Work to be completed: For the listing below, print exactly the lines from the line with "Audi Q7 2006>2013" to the line with "Puma SUEDE CLASSIC", both included, and nothing beyond them.

Records for this exercise:
------------

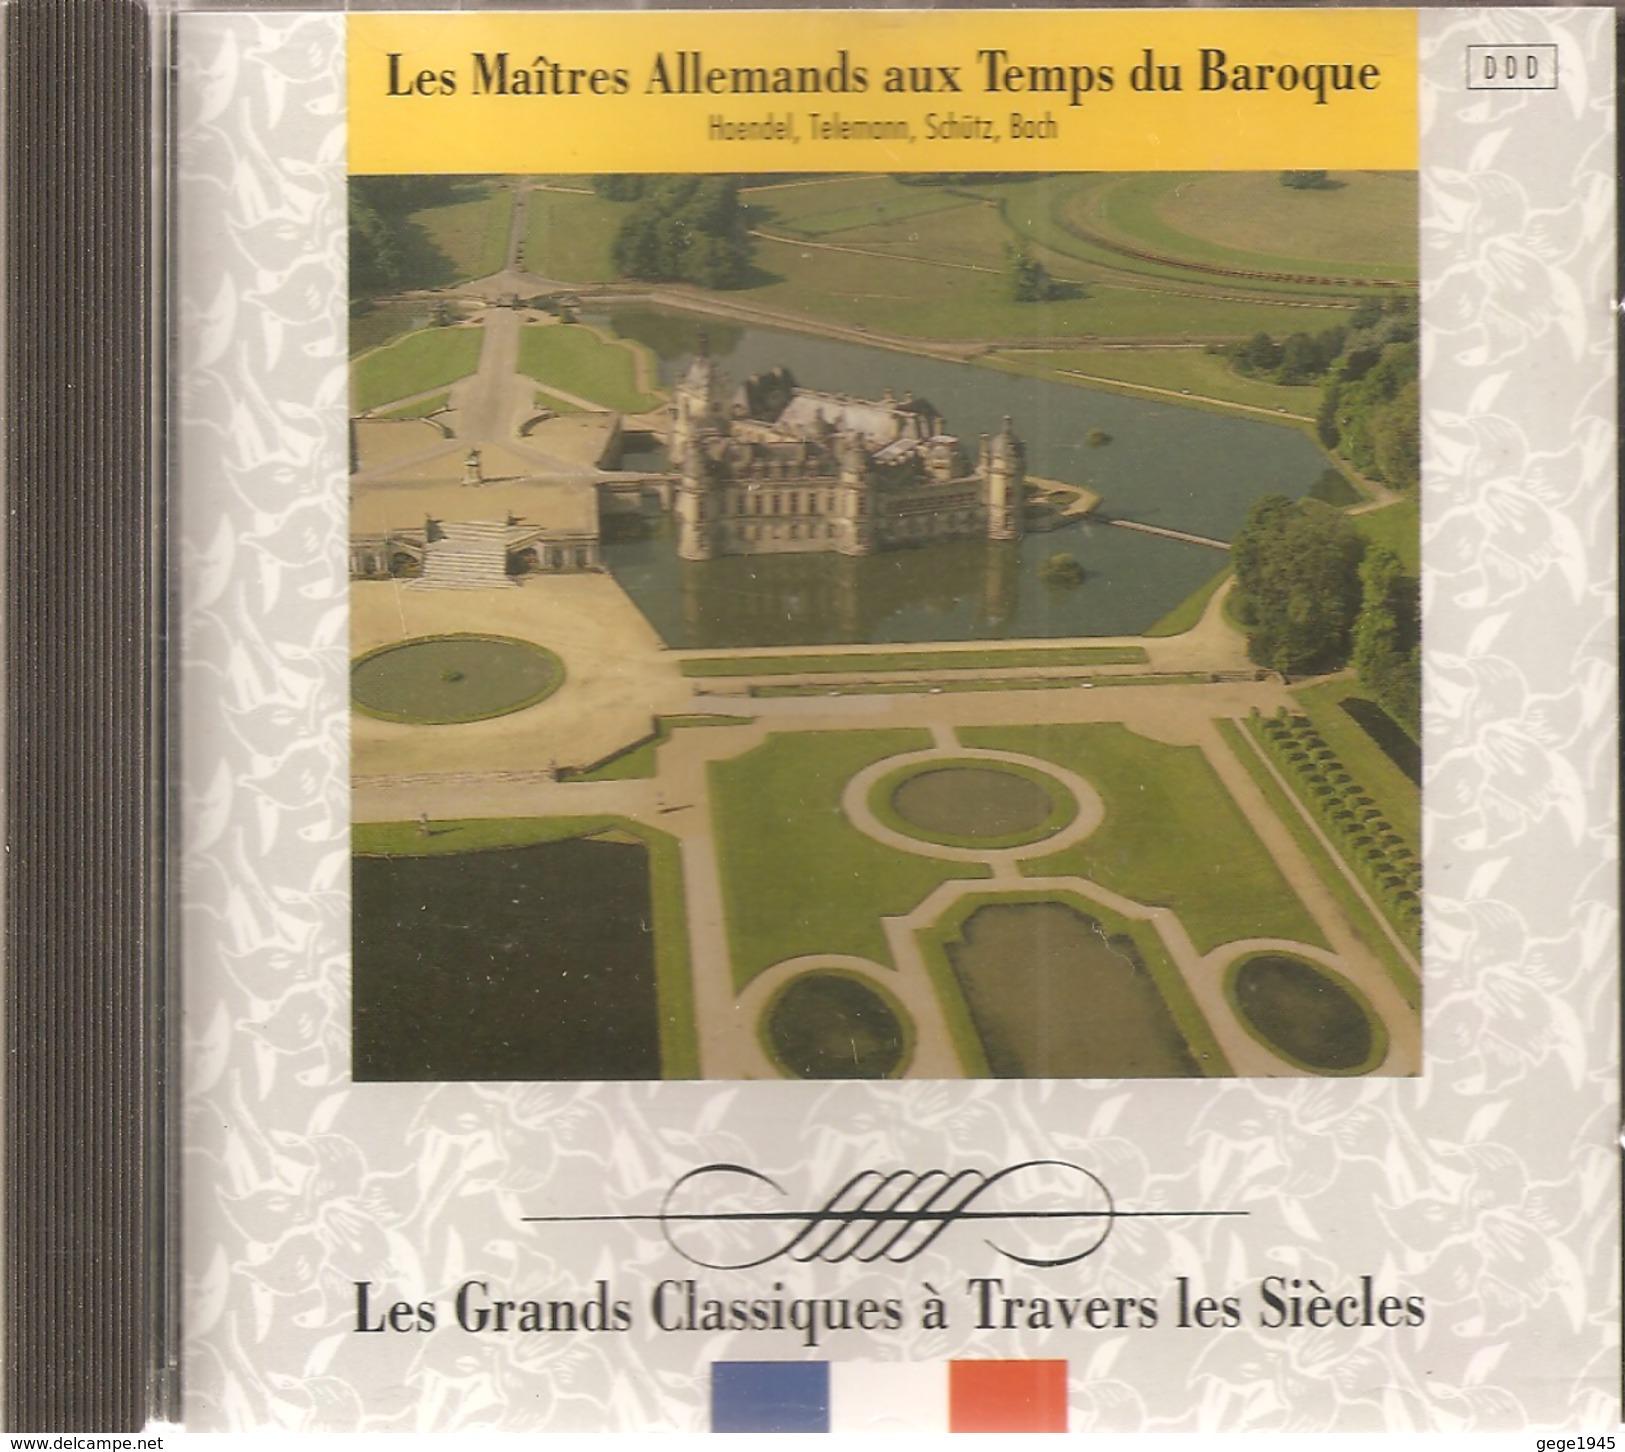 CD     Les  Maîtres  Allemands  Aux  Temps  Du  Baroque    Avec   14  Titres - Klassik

------------

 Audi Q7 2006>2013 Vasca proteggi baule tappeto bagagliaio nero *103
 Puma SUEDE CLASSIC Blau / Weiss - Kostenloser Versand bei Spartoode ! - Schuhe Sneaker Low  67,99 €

------------

Result of the task:
 Audi Q7 2006>2013 Vasca proteggi baule tappeto bagagliaio nero *103
 Puma SUEDE CLASSIC Blau / Weiss - Kostenloser Versand bei Spartoode ! - Schuhe Sneaker Low  67,99 €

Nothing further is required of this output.